R comes with many built-in data sets. To see the 100+ data sets that come with R just type data() in your console and you’ll see a list that looks like:

Built-in Data

For any of these built-in data sets you will find the “codebook,” the technical description of the data by typing ? and then the name of the data set. This will bring up the “codebook” in your Help console. For instance, ?mtcars will provide you with the technical information regarding the mtcars built-in data set.

Getting the codebook for data that you are importing and using for your own analysis is a little more difficult. If you are using organizational data at your employer, this will likely require you to request the codebook from the database engineers or other folks that are intimately familiar with the data source. This seemingly simple task will surprise you by illustrating how few people truly understand the technical details underlying organizational data. If you are using publicly available online data, you may need to do some searching to identify the data. Sometimes codebooks are obviously and explicitly linked on the website, other times you have to do some digging to find the codebook. Some examples of codebooks follow:

The important thing to remember is that you need to identify the documentation that explicitly tells you about the data you are working with. If not then in your analysis you need to state what the implied meaning of the data is; however, you should also state that ambiguity may exist if a codebook can not be identified.
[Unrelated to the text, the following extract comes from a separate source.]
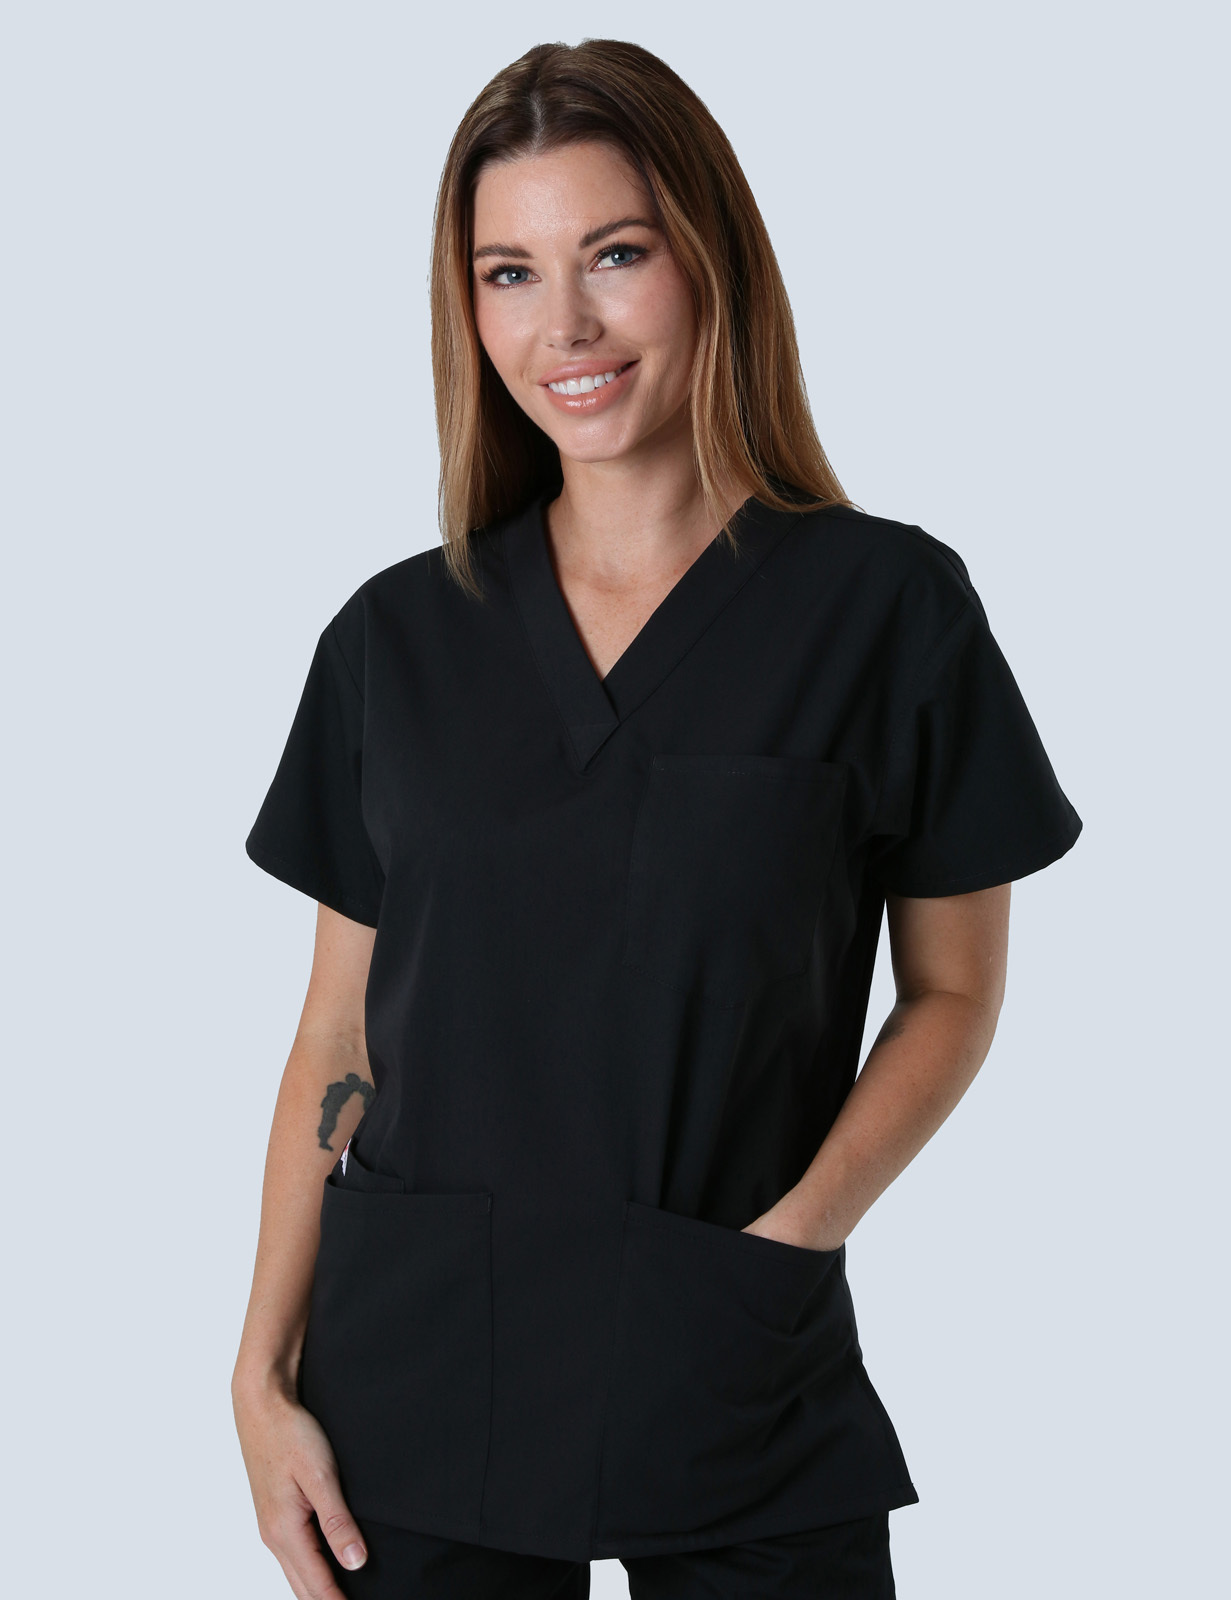 Holmesglen Private Hospital - ICC RN (4 Pocket Scrub Top and Cargo Pants in Black in Black incl Logos)

With your final project, I expect you to explain the describe the source data you analyze and provide a citation (or URL link if possible) to the source database and codebook.

Exercise

This site contains files of daily average temperatures for 157 U.S. cities. Identify the following:

  1. Where does this data originate?
  2. How often are the data collected?
  3. How do they compute the “average daily temperatures”?
  4. How are missing data flagged in these data sets?
  5. Do they provide options for imputing missing data?